1 Ministry of Social Development v Harnett [2018] NZDC 4175.
2 Crimes Act 1961, s 228(1)(b); the maximum penalty for which is seven years’ imprisonment.
Judge Sinclair’s sentence
[8] Against this background, Judge Sinclair applied the principles applicable to benefit fraud summarised in Hogan v Ministry of Social Development:3
[10] … In my view, there were six aggravating features present in your offending:
·First, the extent of loss was significant. $259,150.48 was obtained by you of taxpayers’ money.
·Second, the offending covered a significant period; nine years and 10 months.
·Third, there was a breach of trust with the Ministry. Frequently offending of this nature is difficult to detect. The benefit system relies on recipients acting honestly and in good faith.
·Fourth, your offending has impacted the community. The benefit system funds beneficiaries in genuine need.
·Fifth, there was premeditation. The length of time of this offending, and the number of documents that you signed continuing to state that you were not receiving income, is indicative of premeditation and planning. You lied about your true financial circumstances from the beginning of your transactions, and then submitted 34 forms which were dishonest about your true circumstances. On each occasion, you had the opportunity to declare your true circumstances.
·Finally, the offending was repetitive.
[9] Judge Sinclair then had regard to four reasonably recent decisions of this Court involving benefit fraud,4 and concluded the appropriate starting point was four years and two months’ imprisonment.
[10]As to discounts:
[18] I turn to your mitigating factors. Up until this offending, it appears you were a largely law-abiding citizen. However, that has to be balanced against the length of this offending.

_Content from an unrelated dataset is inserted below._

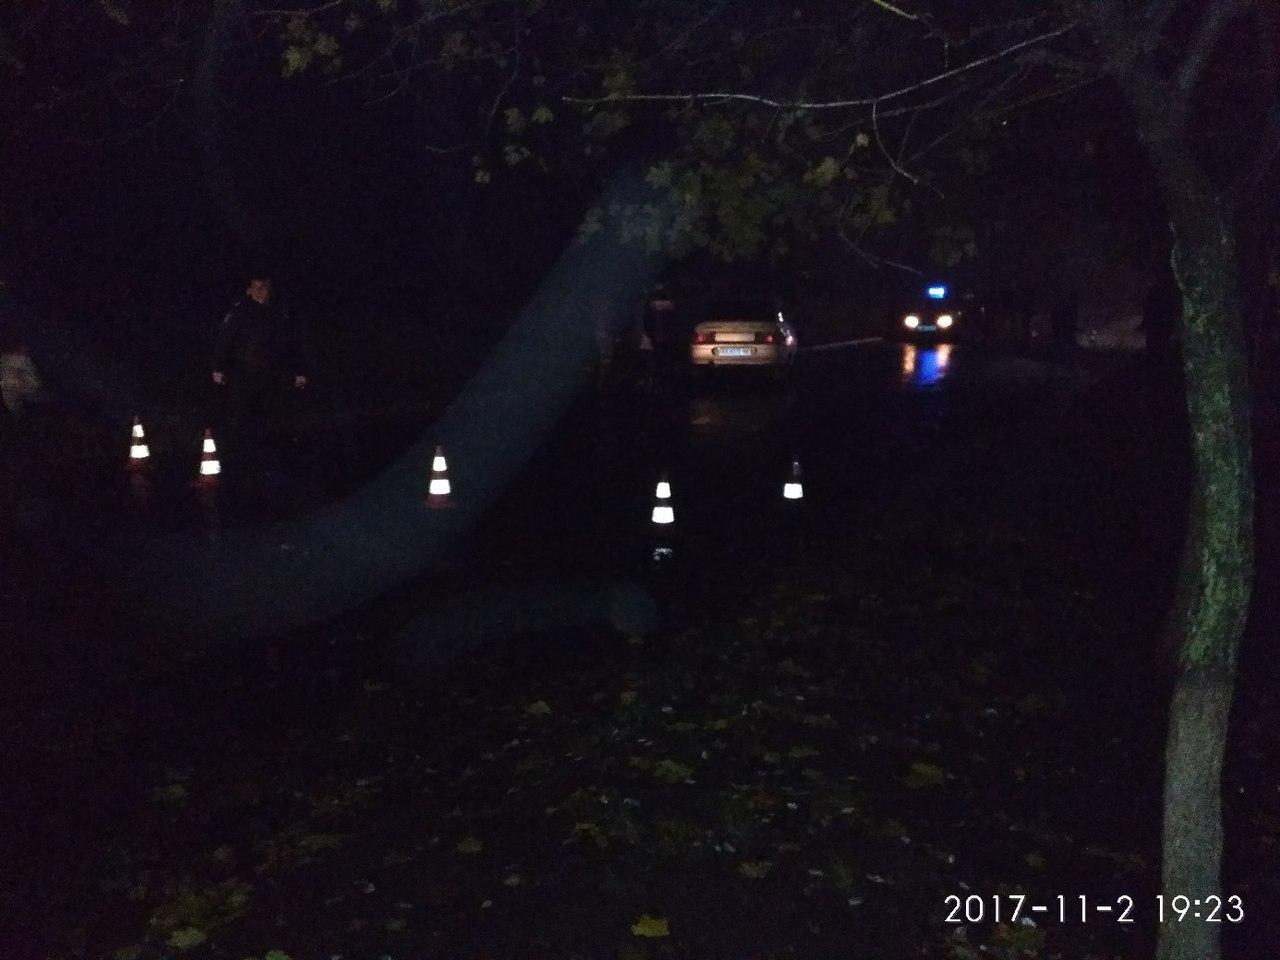 Очевидцы аварии в Лозовой: Женщина с детьми пошла прямо под машину (дополнено)

This was not a one-off [offence] or temporary aberration on your part. However, you appear to be remorseful, and that is borne out by your letter tendered to the Court, but more particularly, the payment of the amount outstanding, which I will come to shortly. For these personal circumstances, I allow a modest discount of five percent.
3 Hogan v Ministry of Social Development (2005) 23 CRNZ 500 (HC).
4 Osborne v Ministry of Social Development HC Auckland CRI-2004-404-309, 27 August 2004; Aupouri v Ministry of Social Development [2013] NZHC 1224; Isakko v Police HC Christchurch CRI-2004-409-156, 16 September 2004; Aupouri v Ministry of Social Development [2013] NZHC 581.
[19] As mentioned, you have repaid the Ministry the full amount outstanding of over $259,000. As mentioned earlier, the Ministry acknowledges you are entitled to a discount and submits a 15 percent discount would be appropriate. This payment of reparation does need to be acknowledged and reflected in a discount, because you have repaid the community for the money you have received. However, that discount has to be tempered against the fact that the money was not yours in the first place and that you are, in fact, fulfilling a legal obligation to repay it. Furthermore, a defendant cannot simply buy him or herself out of being punished on the basis of paying reparation. The offending still requires, in my view, imprisonment, but you are entitled to a discount and it needs to be an appropriate discount given the amount involved. I allow a discount of 20 percent.
[20] Finally, I turn to your guilty pleas. You entered guilty pleas at a reasonably early opportunity. Given all of the factors outlined in the leading decision of Hessell v R, I allow a full discount of 25 percent.
(Footnotes omitted)
Discussion
[11] Mr Ross for Mr Harnett sought to distinguish the authorities referred to by Judge Sinclair. However, as he pointed out, there is no tariff decision for benefit fraud and each case turns on its facts. The record of previous decisions in this area is useful only in a broad sense. Mr Harnett nevertheless submits that the starting point adopted by Judge Sinclair was too high.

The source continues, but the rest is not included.